Even before schools shut down in 2020 due to the COVID-19 pandemic, educators had noted a rise in disruptive students including aggressive, and even violent student behavior that can undermine children’s learning and the safety of the school community.

Teachers notice an increase in disruptive behavior

Prior to the pandemic, teachers everywhere were reporting physical and verbal outbursts directed at them and other students. They cited being hit, kicked, punched, stabbed with pencils, and being subjected to other aggressive actions. In some schools, these eruptions had become alarmingly common, upsetting classmates and teachers alike, and at their worst, rendering classroom learning impossible.

These outbursts are not confined to older disruptive students: some of the biggest increases in aggressive behaviors have been among elementary school children, and teachers and administrators feel ill prepared to handle it. Many school personnel themselves are exhausted and depleted, struggling to meet academic goals while helping dysregulated students settle into school routines. Staffing shortages further exacerbate the problem.

Aggressive student behavior reaches crisis proportions

Prior to the pandemic, teachers in one state, Oregon, said that aggression in the classroom had reached crisis proportions. The Oregon Education Association put out a special report to call urgent attention to the problem. “Students are coming to school with complex needs, students and educators don’t feel safe, and schools and districts don’t have the resources to address the root causes of these incidents,” the report concluded. “Without appropriate resources to support communities, students are biting, kicking, punching. Young children are cursing, yelling, screaming. Innocent objects are turned into dangerous weapons.”

And the issue isn’t unique to Oregon. Districts around the country have been facing a similar plight. In Connecticut, teachers had grown so unsettled by the behavior in classrooms that they were seeking legislative action, calling on lawmakers to pass a bill that would address this troubling trend.

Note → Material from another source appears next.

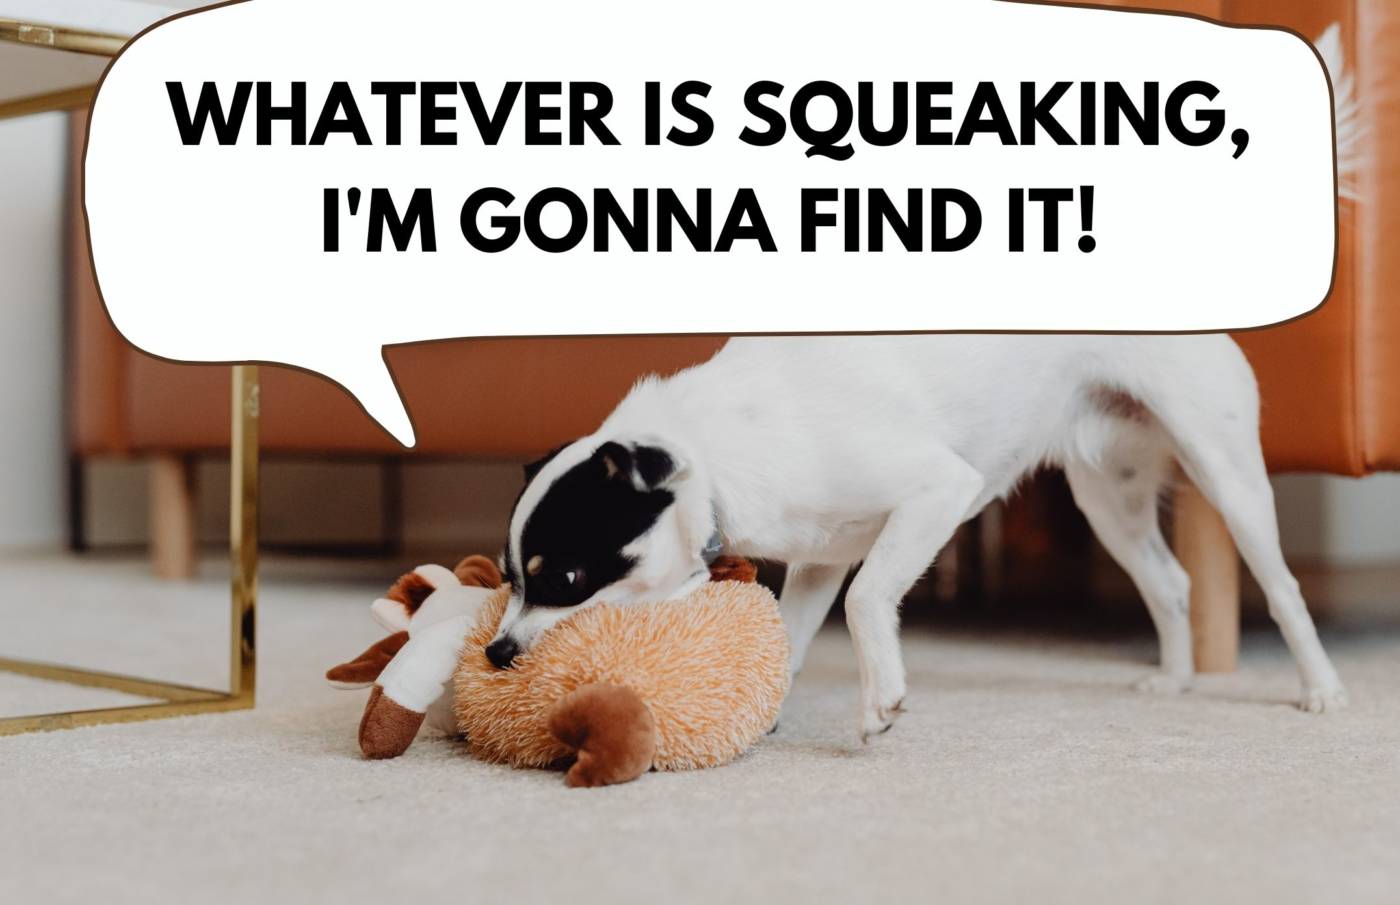 dog chewing squeaking toy

“Students are disrupting classrooms and putting themselves, other students, and teachers at risk at an alarming rate,” says CEA [Connecticut Education Association] President Sheila Cohen. “Oftentimes, the disruptive students are taken out of the classroom for a short period of time and then returned right back into the same classroom, where the aggressive behavior continues.” Cohen adds, “These behaviors and lack of support for teachers are adversely affecting the learning environment for students.”

There is a consensus that aggressive behavior in classrooms is an escalating problem. What’s less clear-cut is what exactly is behind the increase. As with most widespread phenomena affecting large numbers of students, the causes are likely to be varied and complex, and the aftermath of the COVID-19 pandemic has introduced a whole new set of factors.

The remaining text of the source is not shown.